# Beta's and algae eaters? Help!



## LovinLiveBearer

I have a male beta in a 2g tank. It has one live fern, an under gravel filter with a pump, air stone, and filter cartridge. It is heated to around 72f. It has ugly purple gravel, that I was too cheep to upgrade at this point, but will when I can afford. Anyways...there is this brown algae that started growing on the rocks and now is on the plastic tank, and the heater. I know that some bland looking fish can be kept with betas but I didn't know if anyone knew of a algae eating fish that would be ok with a beta in a 2g. If they get bigger than an inch or two I have a 20g set up now and a 55g in the works. Any ideas? Thanks for the advice!
Mal and Mooshoo the Beta


----------



## emc7

No fish, maybe a snail?


----------



## trashion

An olive nerite snail might take care of it, but they're hard to find. Just scrub the glass, don't overfeed, and don't leave lights on too long.


----------



## Guest

It is easier to just scrub the algae off and cut back on feeding than to add something else. 2 gallons is a small amount of water and when you add fish (not suggested) or snails, then you are just increasing the waste and just making the algae problem worse.
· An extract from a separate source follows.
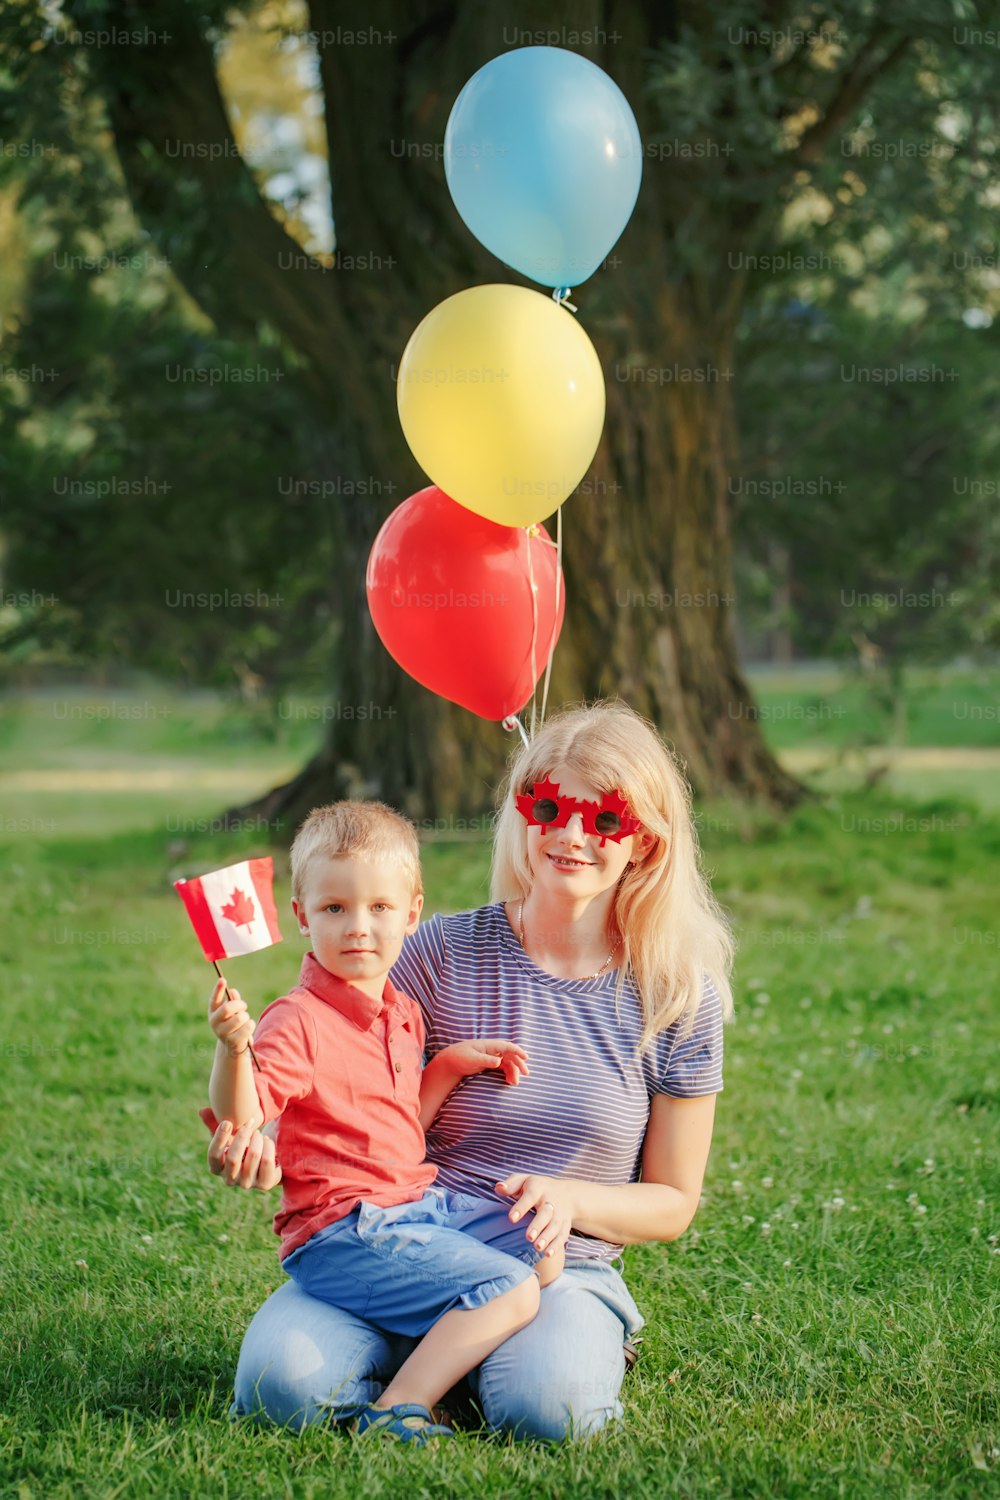 Une mère de famille de citoyens avec son enfant célèbre la fête nationale du Canada le 1er juillet. Mère caucasienne avec bébé garçon en bas âge portant de drôles de lunettes de soleil en forme de feuille d’érable et de cœur.

Unused toothbrushes make great algae scrapers in small tanks. 

Up your water changes, that should help as well.


----------



## audzter

heres the catch. the tank should be a bare tank that means there are no airstone or any gravel. thats the # 1 standard rule for betta keepers.. why?
first of all bettas do not need oxygen in the water since they breath air ... whaatt?? nooo airrrr??? thats right .. they breath atmospheric air they dont depend on the oxygen in the water. having a bare tank means cleaning more easy, since you have a 2 gal tank for the betta, use a cup to capture the betta then clean the whole tank then put the betta back ones the tank is clean, thats how you do it  and having a brown algea is just to much for a betta tank 
have fun and enjoy


----------



## trashion

Jeez, I wouldn't subject my betta to that. There's nothing wrong with keeping a betta in a filtered tank. Even if they don't breathe dissolved oxygen, there's no reason to keep them in a nitrogen soup. Also, with no decor, the fish has nowhere to hide and may get stressed. Keeping fish in a bare tank is kind of cruel.


----------



## Guest

Agreed. ^^ A bare tank is fine for breeding and raising fry maybe, but I still wouldn't take the fish out and clean everything. 

Bettas live fine in filtered tanks. In unfiltered tanks you have to do water changes every other day......in filtered tanks you can go a bit longer than that. They won't die from water movement either as long as it doesn't stress them.


----------



## audzter

well just one thing, bettas are much happier in the 2 gal tank, some times in the community tank the betta get nipped by other fishes, wich cause much stress than being on the safe bare tank. any ways its your choice^^


----------



## Guest

If you choose the right tankmates, bettas are perfectly happy in a community tank.

And they can live alone in a nicely planted 5 or 10g and be perfectly happy. I've witnessed it myself.


----------



## emc7

But audtzer is right that you can put the betta in a (dark is better) cup, take the water level down enough for your hand, and scrub all the algae off, siphon it up and then put the fish back after a 50% water change.


----------



## LovinLiveBearer

I am very aware that bettas go to the surface for air and that the air in the water does not matter. I purely keep the air stone and filter to help keep the water clean and I think it is just healthier in general to have oxygenated water than not. I do water changes about once a week and try to wipe down the sides. I just thought that it might help keep the tank even cleaner if there was some sort of clean up crew on the bottom. I do not over feed Mooshoo. I only put in what he can eat. Anyways, thanks for the advice, I will look into getting a snail and up the water changes. Thanks!


----------



## trashion

Even just putting it "what he can eat" can be too much. It's the waste they produce, not necessarily the food they don't eat, that can foul up the water. My friend's fish ate itself to death. They will keep eating as much as they can. I only feed bettas maybe 4-5 pellets every other day.


----------



## Ricker

If your 20g is a community tank try and put him in there. I keep my betta in my 55 he doesn't bother a soul and loves the room.


----------



## CaysE

JustOneMore20 said:


> ...Bettas live fine in filtered tanks. In unfiltered tanks you have to do water changes every other day......in filtered tanks you can go a bit longer than that. They won't die from water movement either as long as it doesn't stress them.


Agreed... my male crowntail has been thriving well in my Eclipse Hex5. It's well-planted with an Eco-Complete substrate... he gets a healthy bubblenest going pretty often. 

I feed him frozen bloodworms... he doesn't even look at pellets anymore.


----------



## shade2dope

I have heard that its not good to feed blood worms everyday...to much protien.Iam not sure on that though.I like to give mine a variety of live frozen and pellet flake form betta pro being one of my favs.I would do what evrone else is saying a scrub it down.I would leave the decor betta like to sleep on the plants.


----------